Find the line containing "Hergestellt in Italien, 1980er Jahre." in the records below. Copy exactly that line and each one after it, ending at the line containing "Da sie Vintage", and nothing more.

-- Exercise data --
"""

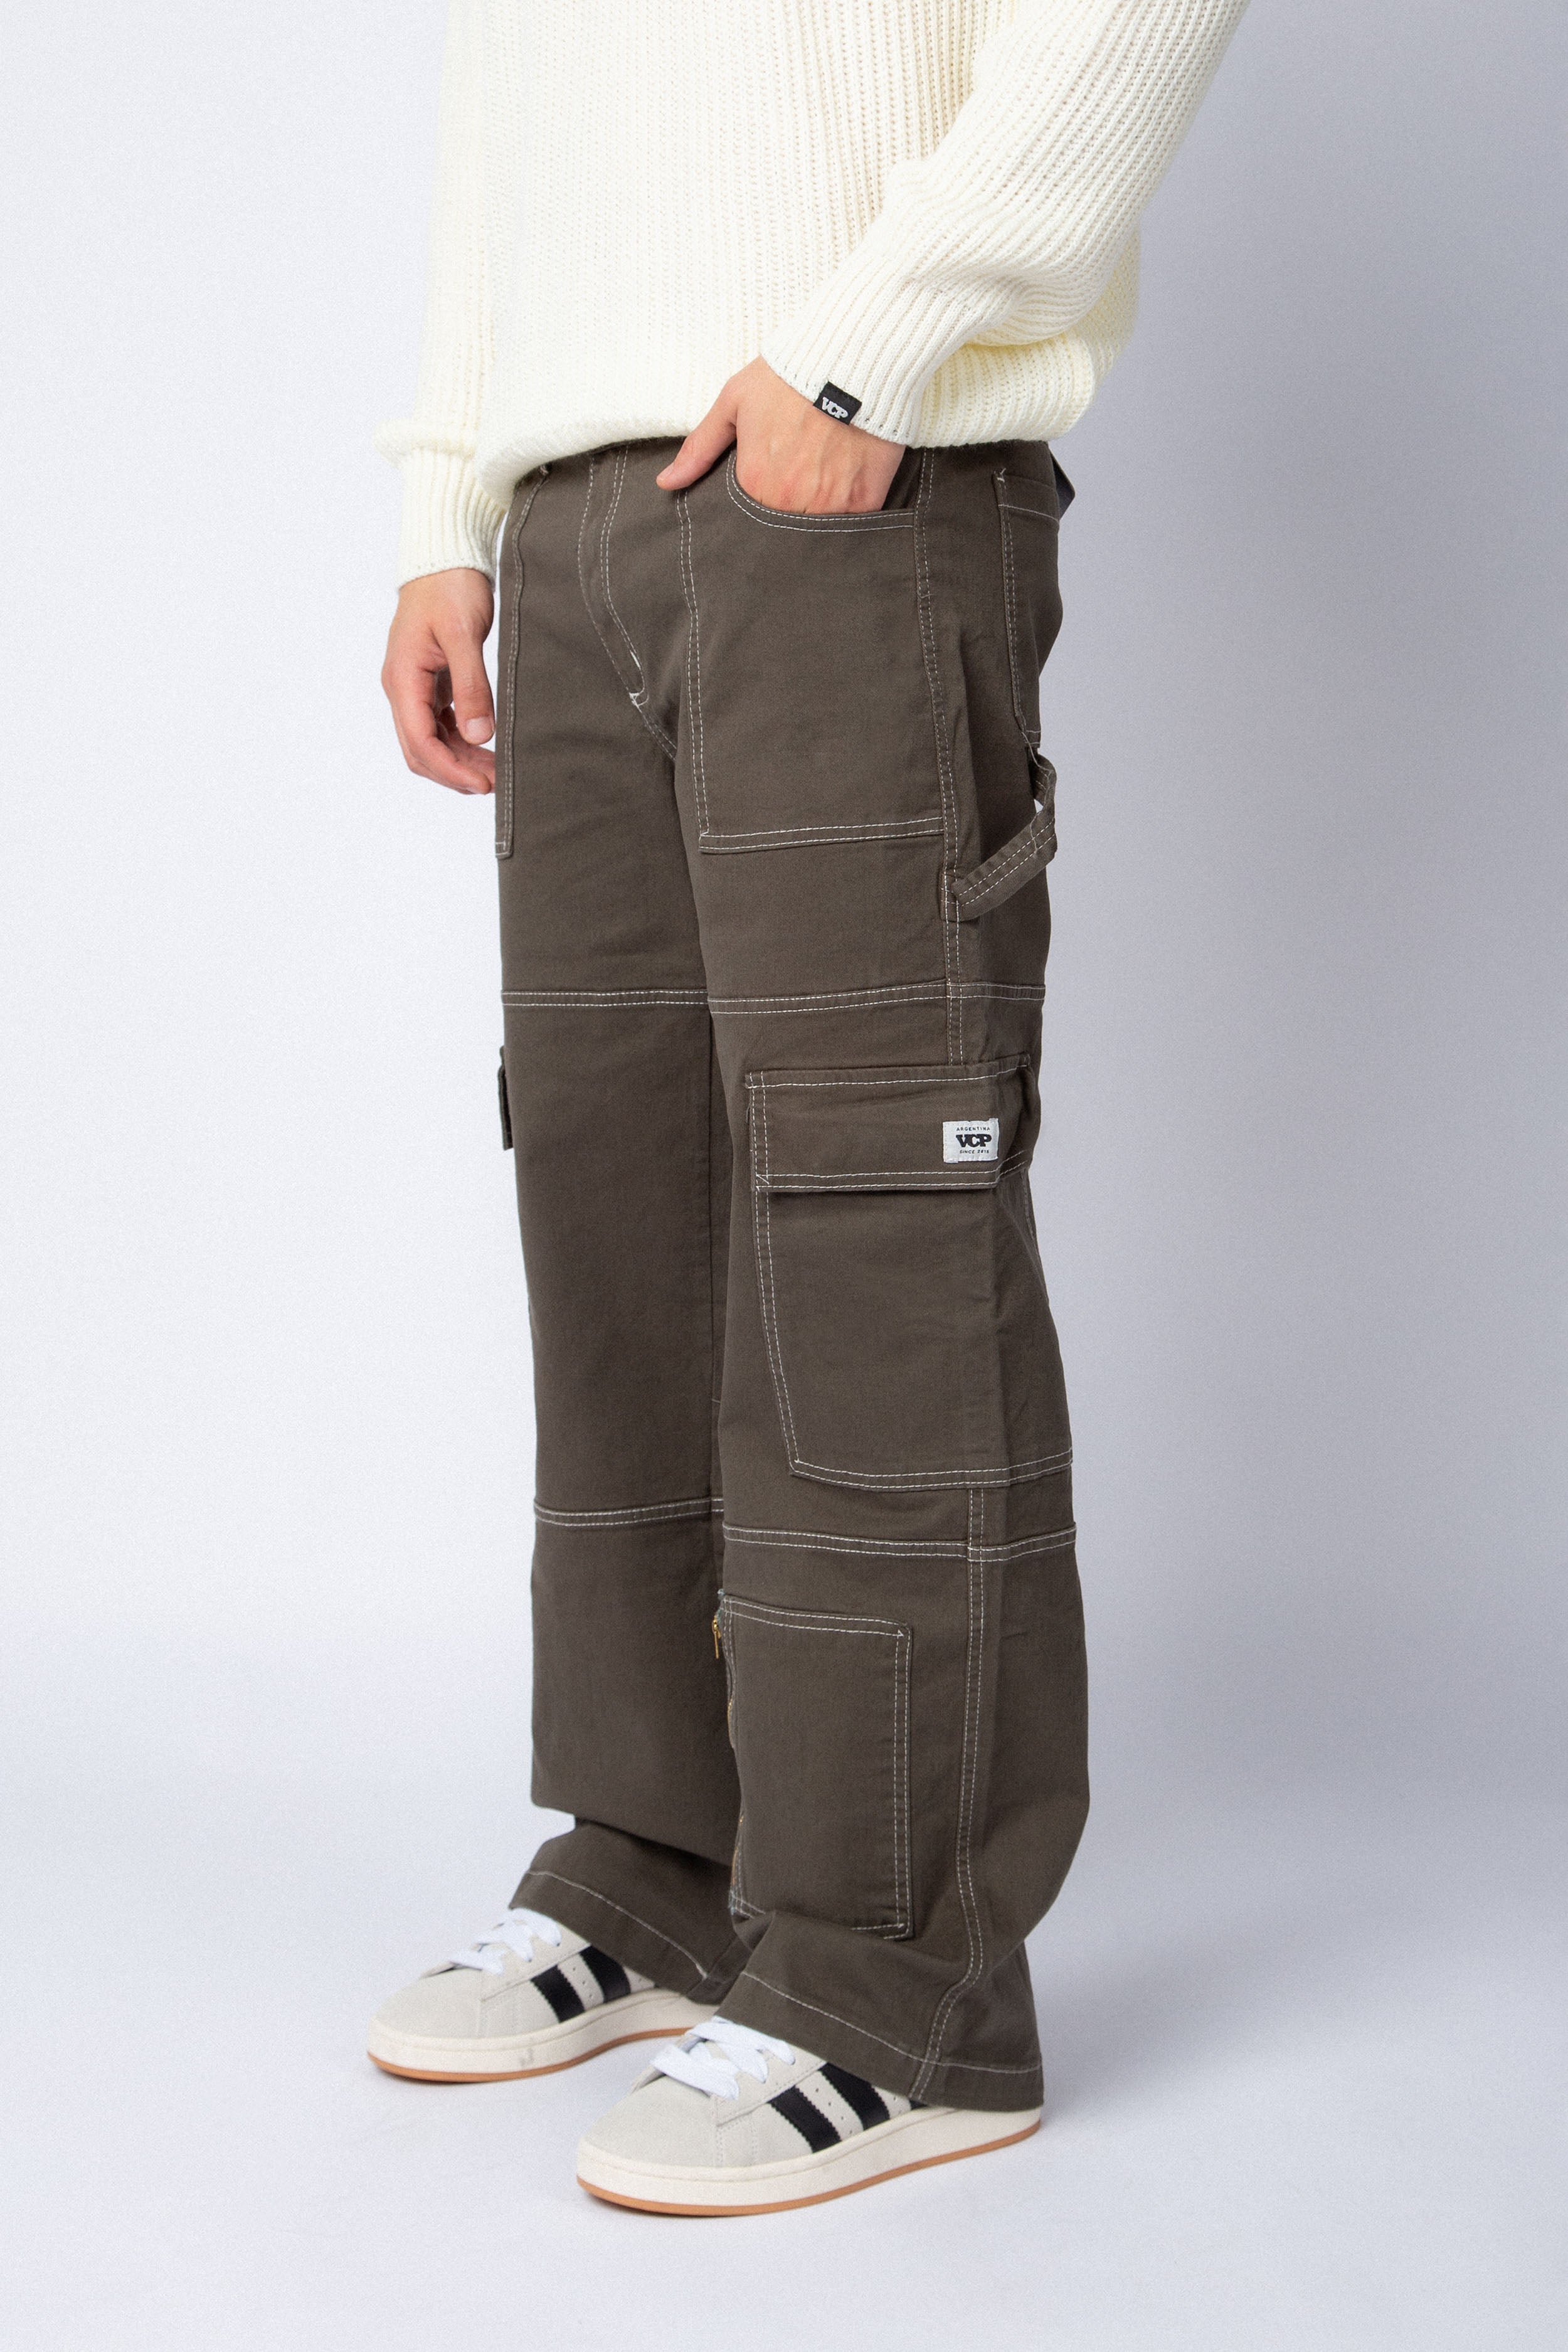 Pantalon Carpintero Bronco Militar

"""
"""

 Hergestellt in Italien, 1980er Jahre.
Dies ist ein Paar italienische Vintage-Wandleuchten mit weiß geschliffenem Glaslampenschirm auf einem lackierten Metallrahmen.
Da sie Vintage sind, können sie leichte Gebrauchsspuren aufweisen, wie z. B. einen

"""
"""

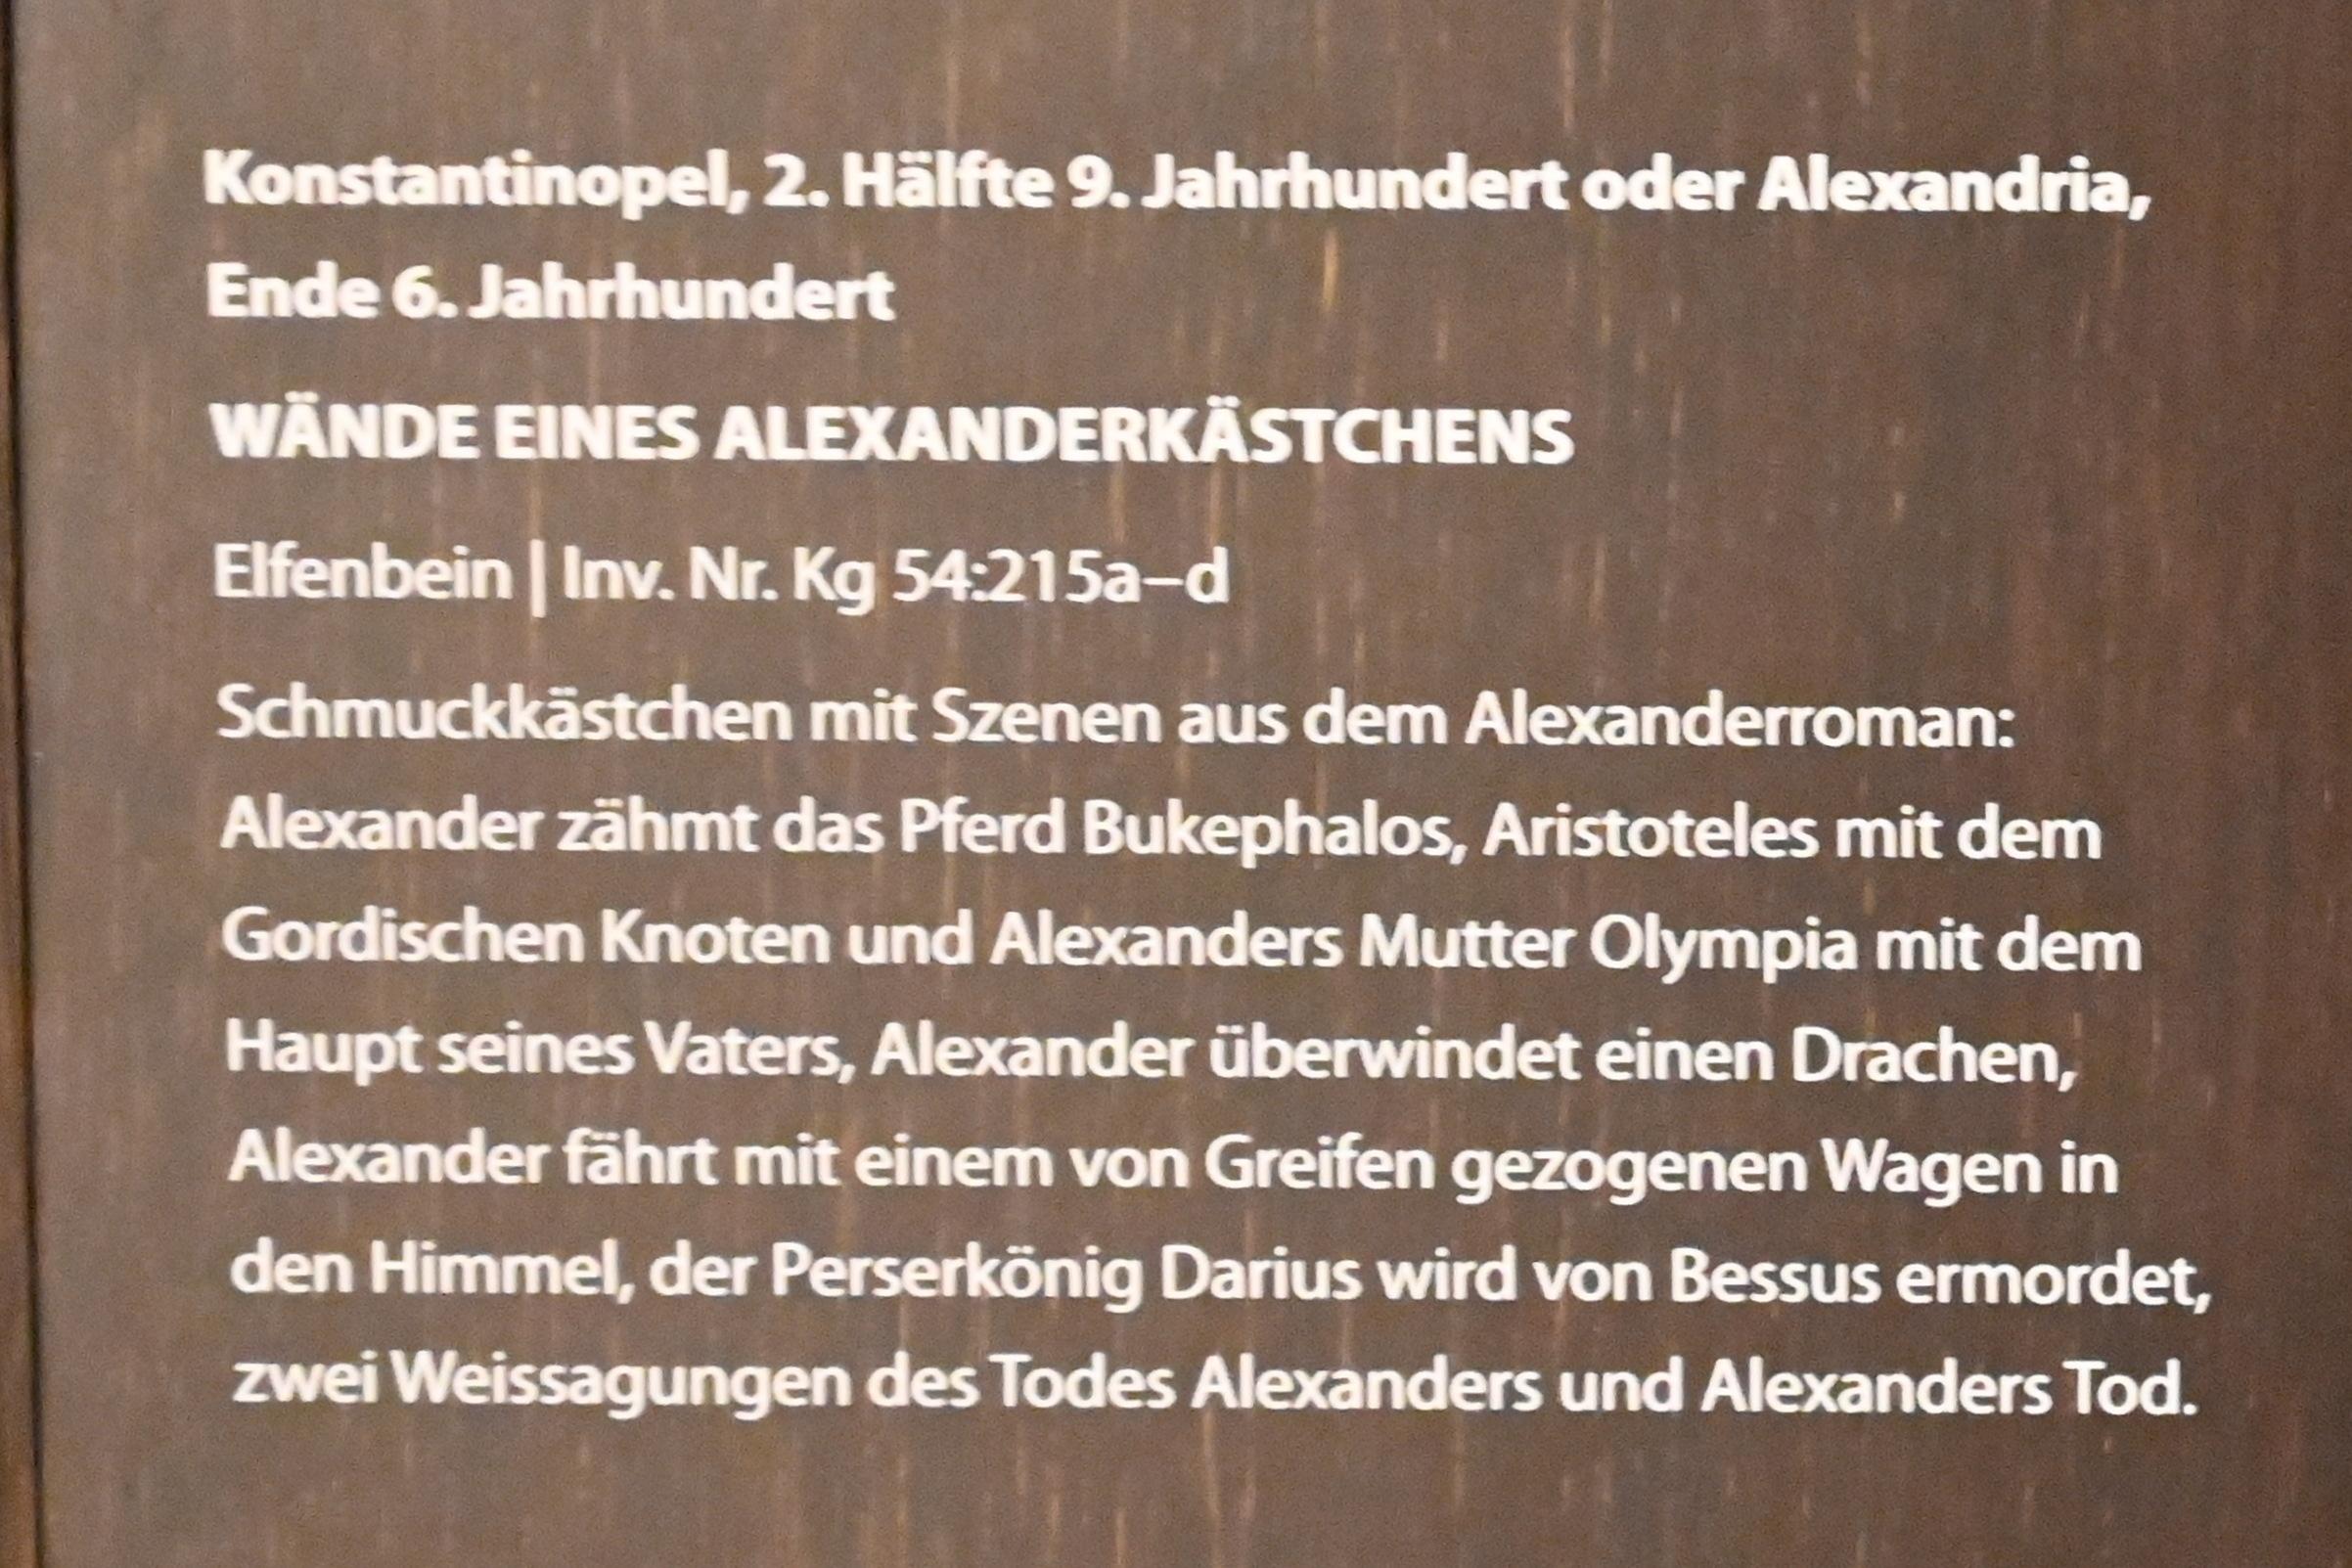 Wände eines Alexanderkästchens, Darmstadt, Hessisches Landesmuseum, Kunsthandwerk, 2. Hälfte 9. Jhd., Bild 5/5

"""

-- Exercise result --
 Hergestellt in Italien, 1980er Jahre.
Dies ist ein Paar italienische Vintage-Wandleuchten mit weiß geschliffenem Glaslampenschirm auf einem lackierten Metallrahmen.
Da sie Vintage sind, können sie leichte Gebrauchsspuren aufweisen, wie z. B. einen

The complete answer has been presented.